Hasilnya mengejutkan: Baik profesor laki-laki dan perempuan secara konsisten menganggap pelamar siswa perempuan kurang kompeten dan kurang dapat disewa dibandingkan siswa laki-laki yang identik. Pada skala 1 sampai 5, peringkat kompetensi rata-rata untuk pelamar pria adalah 4, 05, dibandingkan dengan 3, 33 untuk pelamar wanita. Gaji rata-rata yang ditawarkan kepada wanita adalah $ 26.507, 94, sedangkan pria ditawarkan $ 30.238, 10. Usia dan jenis kelamin profesor memiliki efek yang tidak signifikan terhadap perbedaan ini — tua dan muda, baik pria maupun wanita cenderung memandang pelamar wanita lebih negatif.

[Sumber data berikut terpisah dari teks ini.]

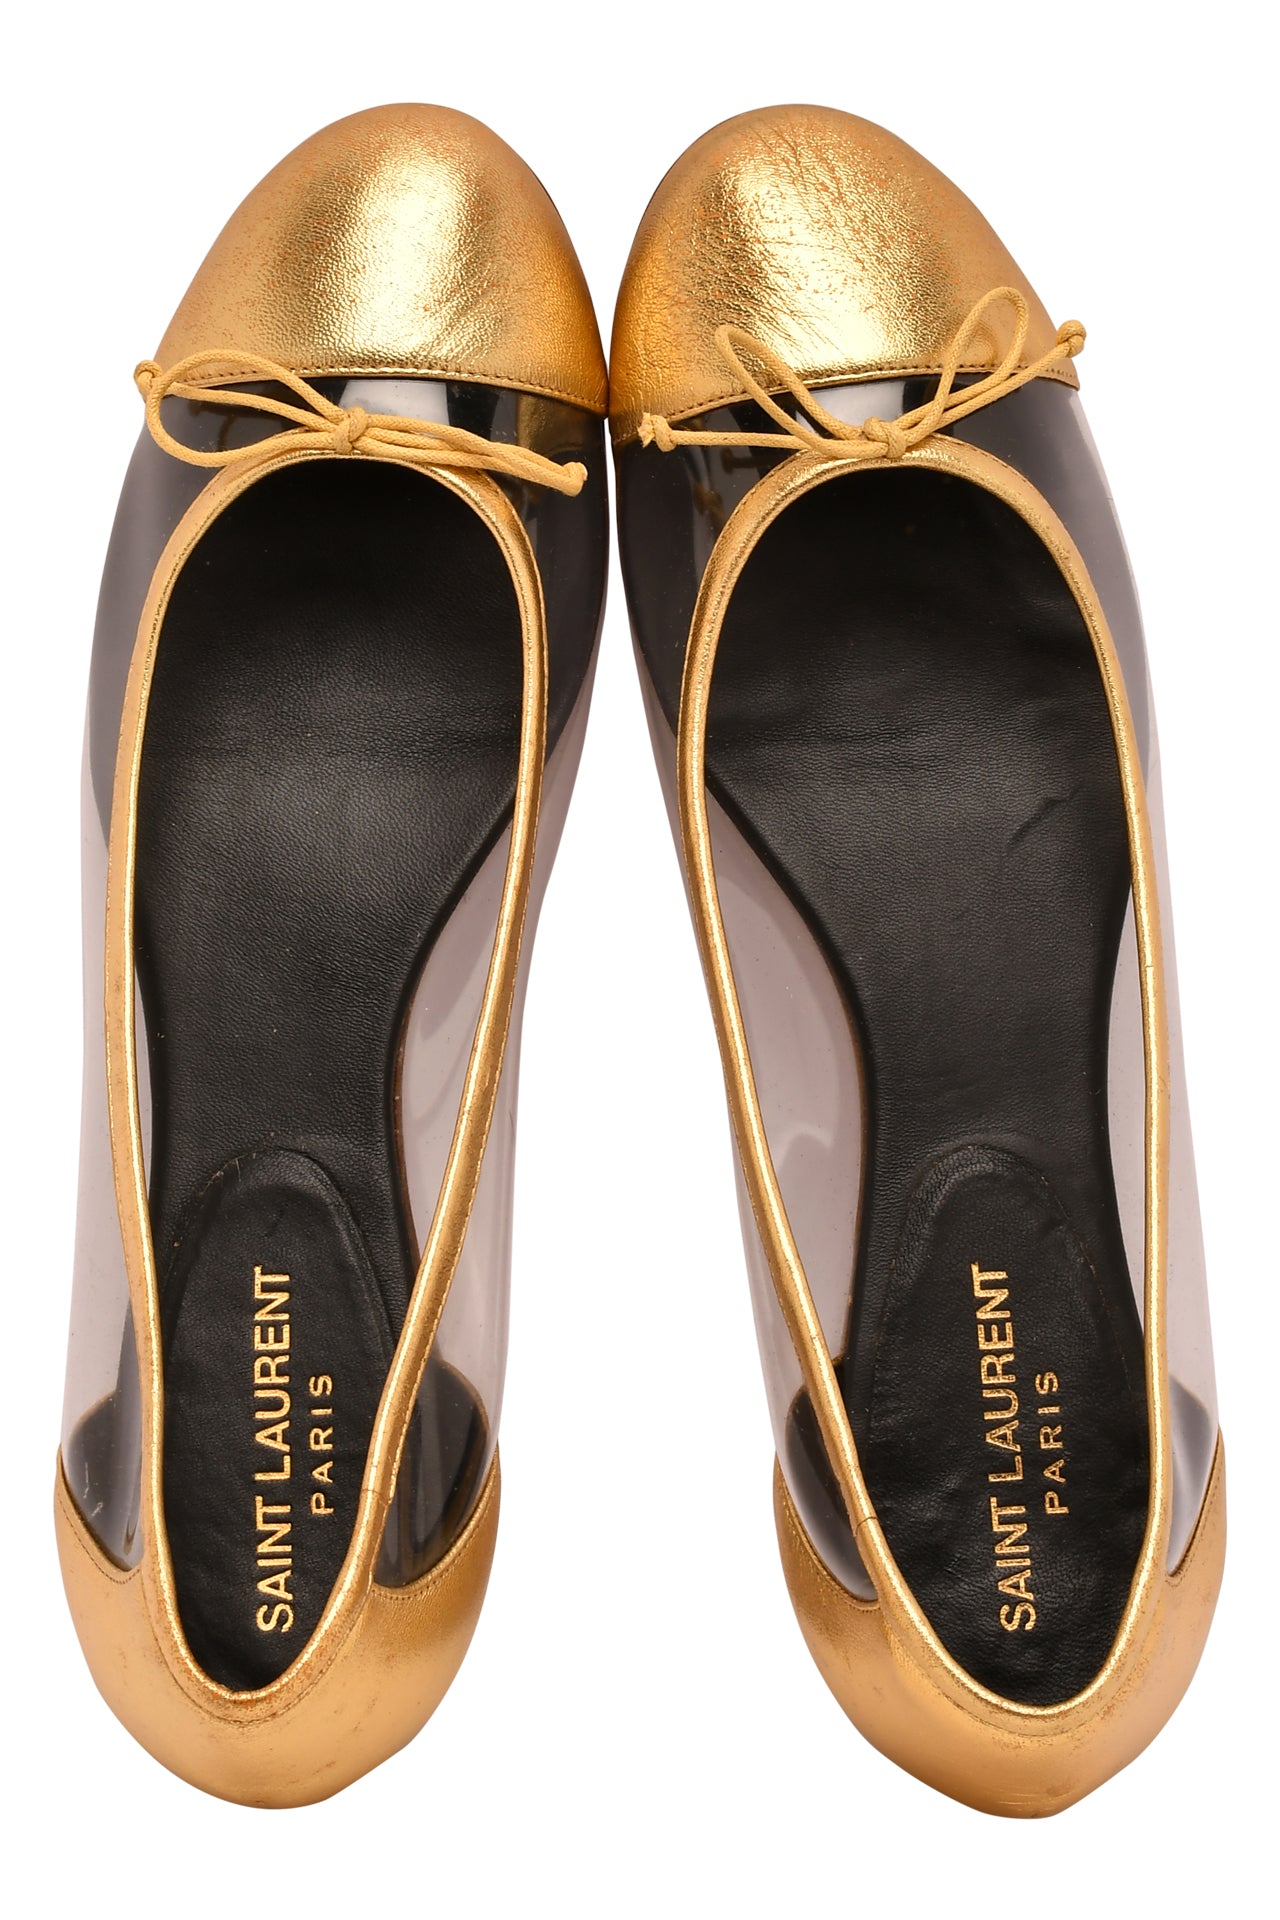 Saint Laurent Gold Leather And PVC Ballet Flats EU 39

Pelamar kerja wanita memiliki peringkat yang lebih rendah secara konsisten di semua kategori dan ditawarkan gaji awal yang lebih rendah. (Gambar melalui Prosiding National Academy of Sciences)Analisis para peneliti mengungkapkan bahwa perbedaan dalam kemampuan untuk disewa dan gaji yang ditawarkan sebagian besar disebabkan oleh perbedaan persepsi kompetensi untuk pelamar wanita. Yaitu, ketika para peneliti mengendalikan kompetensi — dengan membandingkan hanya evaluasi profesor yang telah memberikan peringkat yang sama untuk kompetensi bagi kedua pelamar — kesenjangan perekrutan menghilang. Akar alasan mengapa perempuan kurang terwakili dalam sains, maka, bisa menjadi bias ini karena secara misterius melihat mereka sebagai kurang kompeten, sehingga membuatnya lebih sulit bagi mereka untuk mendapatkan pekerjaan.

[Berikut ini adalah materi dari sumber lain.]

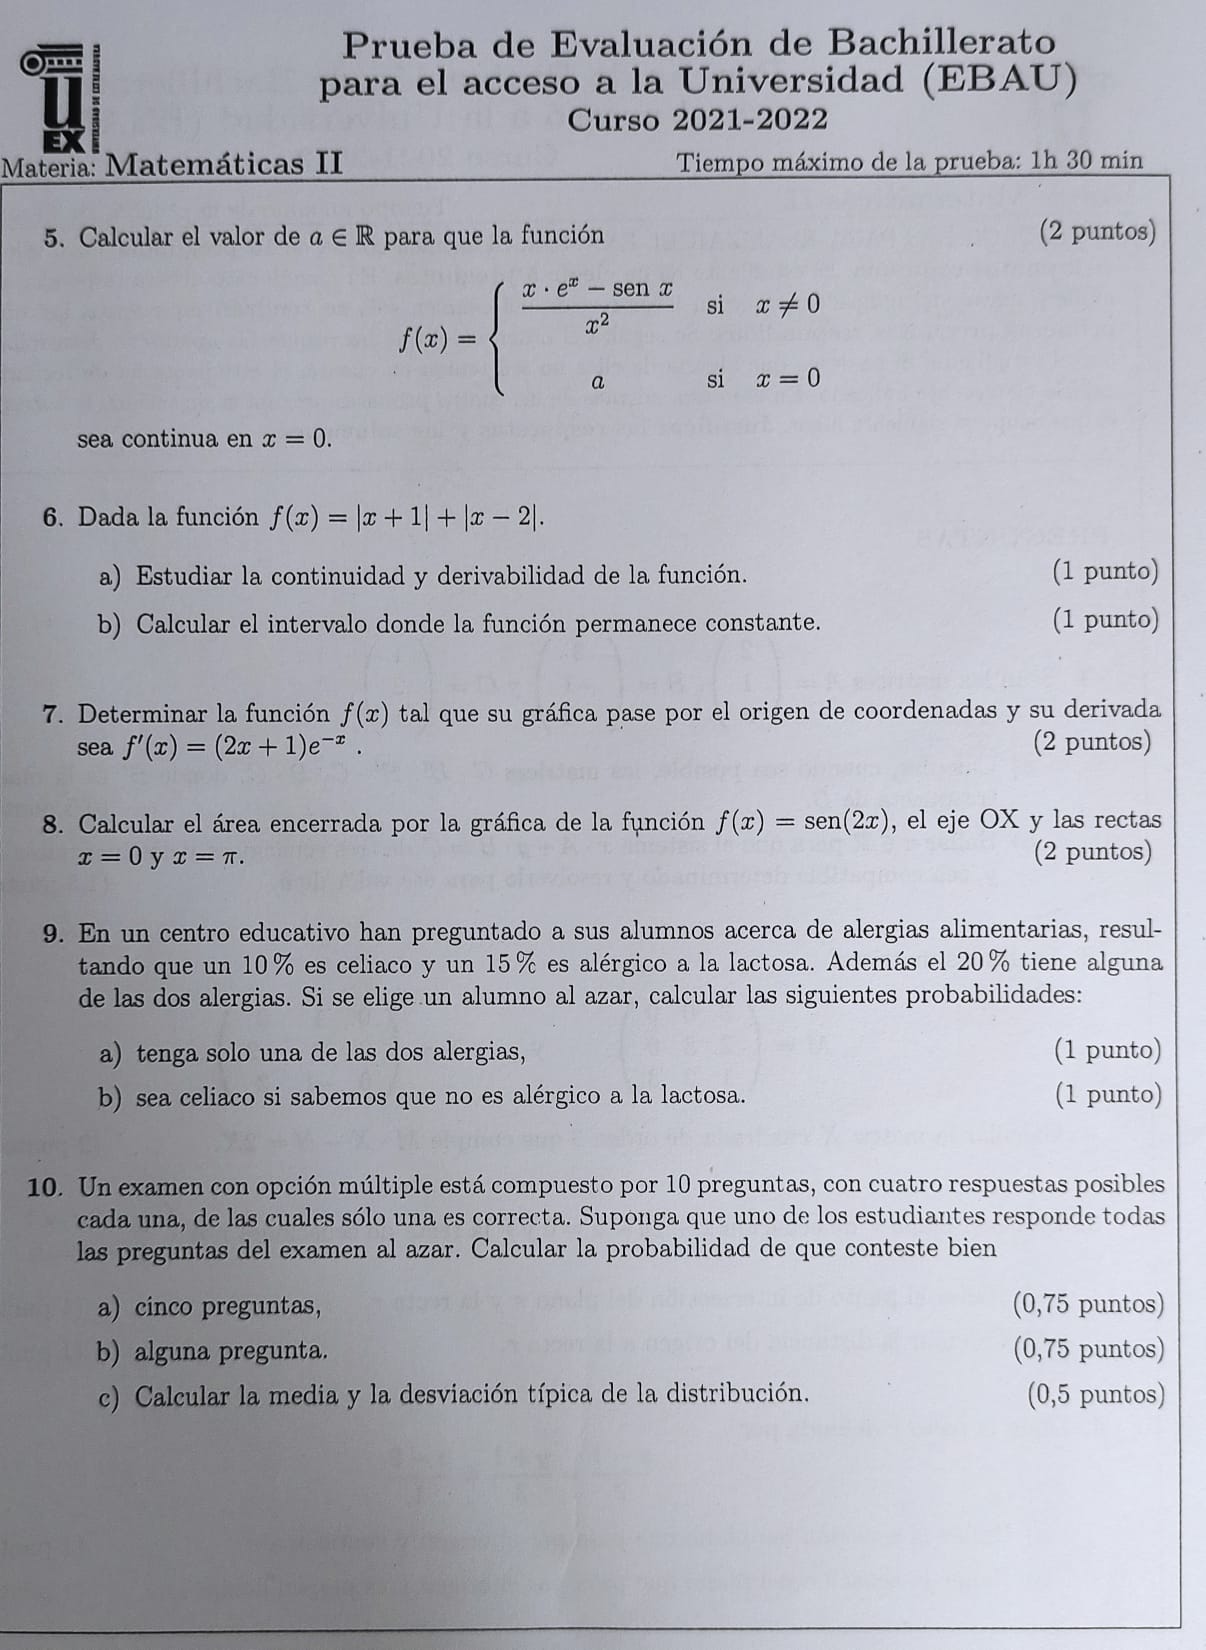 Segunda parte del examen de Matemáticas de EBAU en Extremadura

Banyak yang akan menemukan hasil ini sangat mengecewakan karena orang mungkin berharap para peserta dalam percobaan - 127 profesor sains - menjadi salah satu individu yang paling tercerahkan dalam masyarakat kita. Mereka telah bekerja dengan para ilmuwan wanita (banyak yang, pada kenyataannya, adalah ilmuwan wanita), jadi aneh untuk berpikir bahwa mereka dengan sengaja akan menganggap mereka kurang kompeten.
Tetapi para peneliti tidak merasa bahwa bias ini tentu saja merupakan satu atau satu yang disadari yang meliputi seluruh bidang profesor sains. Selain meminta para profesor menilai siswa yang dibayangkan, mereka juga meminta mereka mengisi Skala Seksisme Modern, sebuah tes mapan yang dapat mengungkap negatifitas yang tidak disengaja atau halus terhadap wanita (daripada permusuhan eksplisit). Mereka yang datang ke dalam percobaan dengan prasangka yang sudah ada sebelumnya terhadap perempuan jauh lebih mungkin untuk menilai pelamar perempuan sebagai kurang kompeten.
Apa arti semua ini? Para peneliti mengatakan bahwa mengatasi masalah yang ada - fakta bahwa beberapa penjaga gerbang sains, pria dan wanita, memiliki bias yang konsisten terhadap wanita - adalah sebuah permulaan. Untuk melakukannya, mereka menyarankan untuk menerapkan praktik-praktik perekrutan dan evaluasi yang transparan, obyektif dan adil dalam bidang akademik. Hanya mencoba menarik siswa perempuan yang lebih muda ke sains bukanlah hal yang buruk, tetapi jika kita tidak berusaha membuat praktik perekrutan yang adil, itu hanya mengatur mereka untuk ditutup nanti.